I am facing a peculiar situation that I need some help with. I have a job that succeeds just fine most times but recently has been giving me troubles. I am running spark 2.1 on YARN from a jupyter notebook on HDP 2.6.2
I can see that the spark session shuts down for some unknown reason and the job fails.
When I dig through the errors I can see that from the YARN logs, the spark context has been shutdown because of executor failures with the following error message.
18/04/04 11:20:41 INFO ApplicationMaster: Final app status: FAILED, exitCode: 11, (reason: Max number of executor failures (10) reached)
I was curious about why this started happening but I also noticed that recently I was a lot of error messages about initialization of containers failures as seen below.
WARN YarnSchedulerBackend$YarnSchedulerEndpoint: Container marked as failed: container_e358_1521934670303_16356_01_000071 on host: x. Exit status: -1000. Diagnostics: Application application_1521934670303_16356 initialization failed (exitCode=255) with output: main : command provided 0 main : run as user is x main : requested yarn user is x
And as expected, I increased the threshold for executor failure from the default to 100 and set the timeout interval to 15 minutes because this was a long running notebook and it worked. But what I would like to understand is what is causing these containers to fail?

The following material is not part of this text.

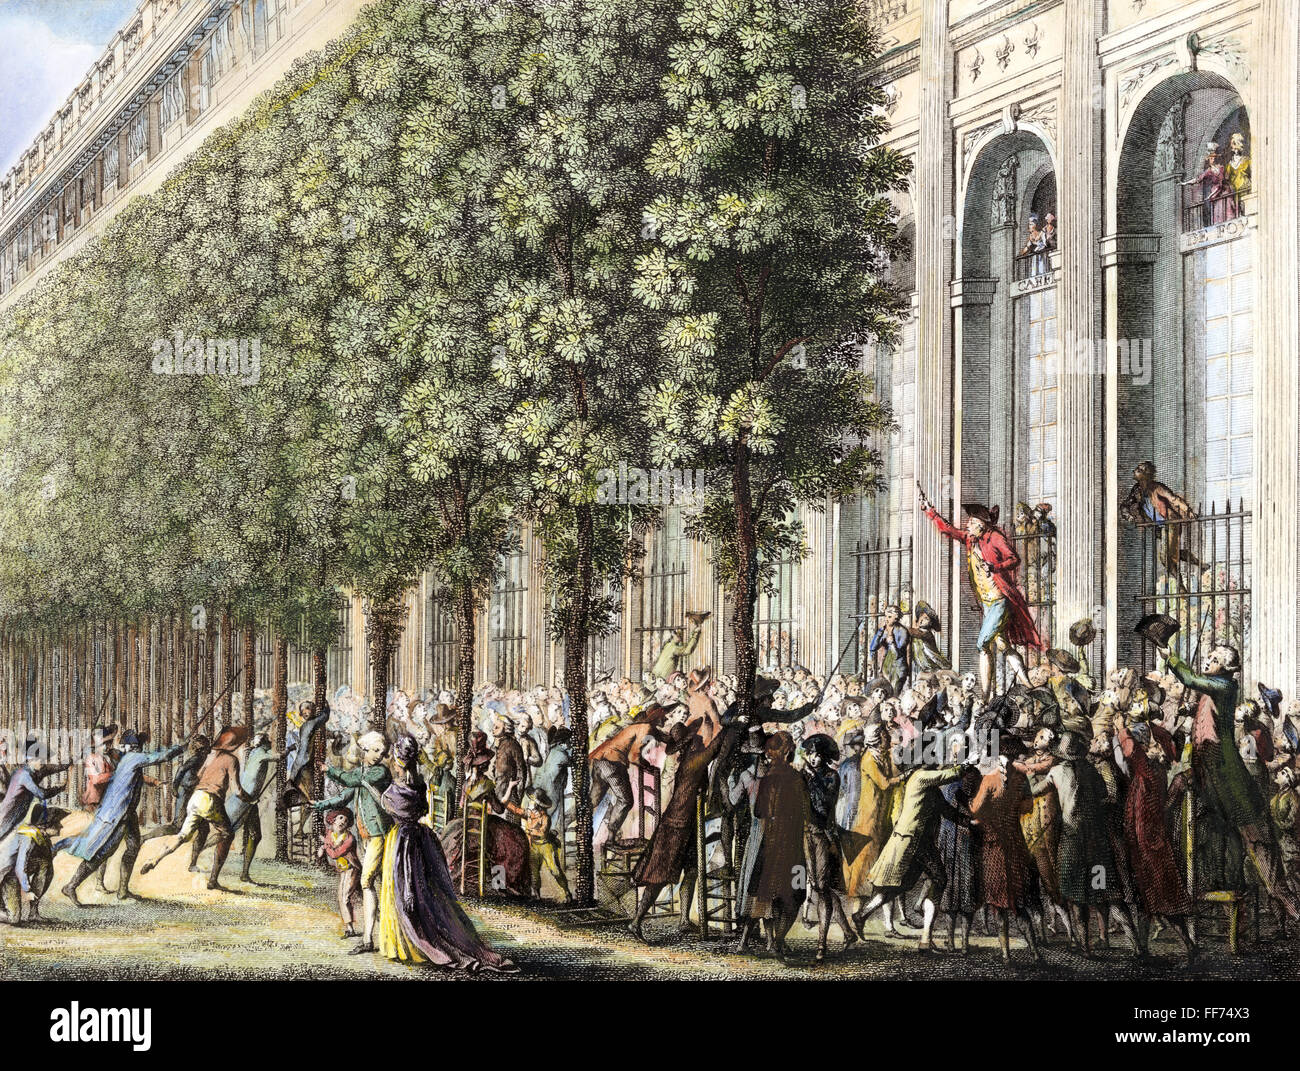 FRENCH REVOLUTION, 1789. /nCamille Desmoulins haranguing Parisians at the Palais Royal on 12 July 1789, two days before the taking of the Bastille and the actual beginning of the French Revolution. French line engraving by Jean-Louis Prieur, early 19th ce Stock Photo
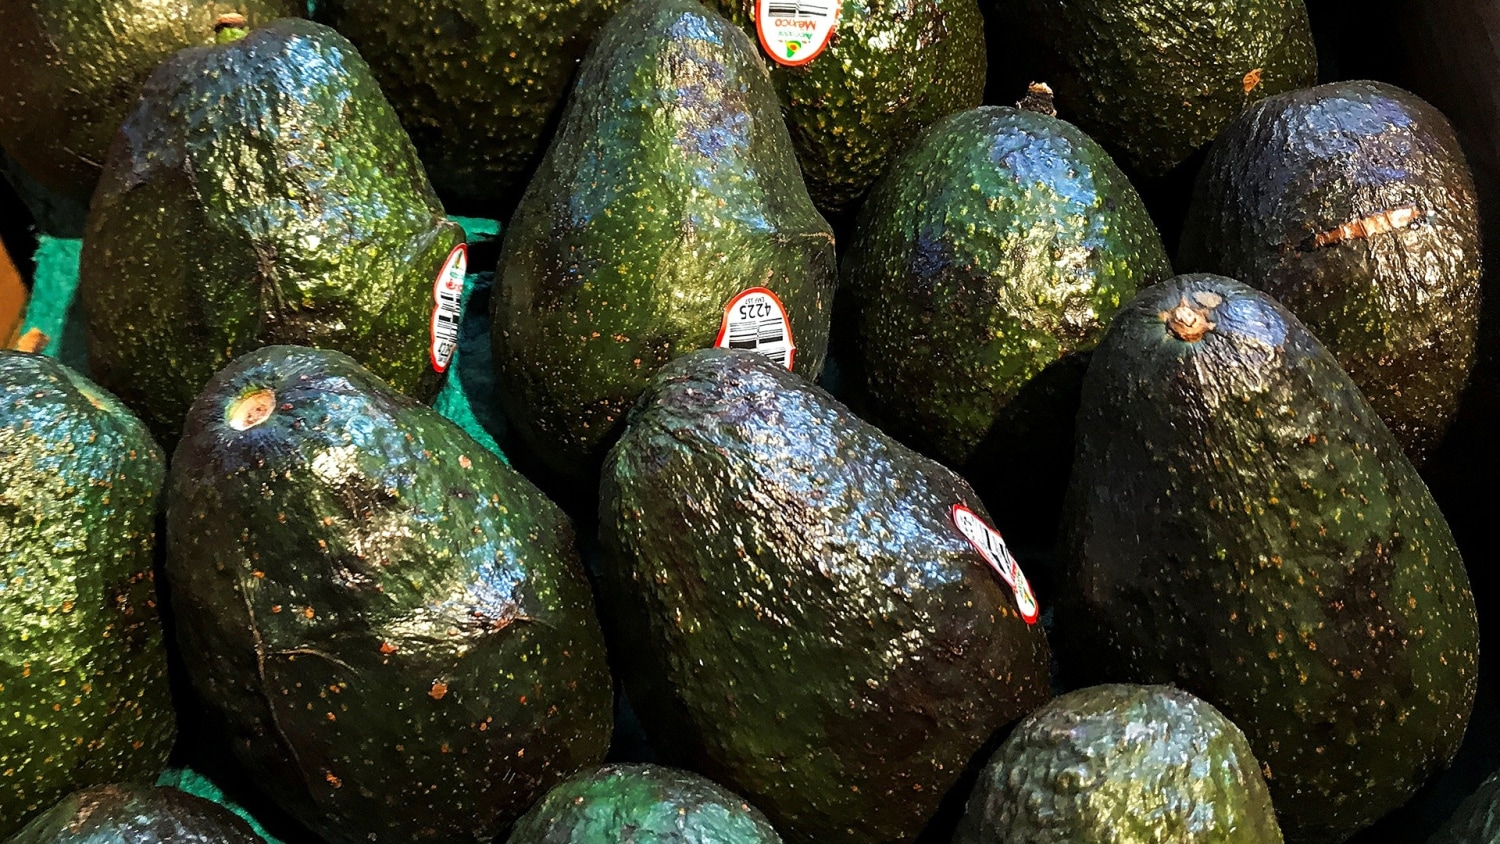 Storing Avocados in Water: FDA Cautions Against This Risky Trend

I couldnt find anything interesting on the yarn logs or the driver logs. The container logs dont exist at all because the initialization failed directly. I am not sure if this could be because of preemption on the YARN queues.
Any help on understanding/debugging these logs would be incredibly useful.
You would have to start by looking into the executor failures. As you said that this jobs was working fine earlier and recently you were facing this issue. In that case I believe the maximum executor failures was set to 10 and it was working fine. But now the no of executor failures started increasing more than 10. Executor failures may be due to resource unavailability as well. So you may need to consider the cluster resource/ memory availability at the time of your job execution as well. Hope it helps!
Enough resources were available on the cluster, so dont think that was an issue. And I have dynamic resource allocation configured so it should just not allocate more resources than what is available and scale up when it needs more. I havent really changed the memory or CPUs requested per executor so that shouldnt be a problem either.
Turns out that some of our node managers had some inconsistency with their java version for some reason and this caused issues with memory allocation during the executor creation! Disabled those node managers for now and the issue disappears. It was quite difficult to trace this issue without a proper stacktrace from YARN that lead to this issue.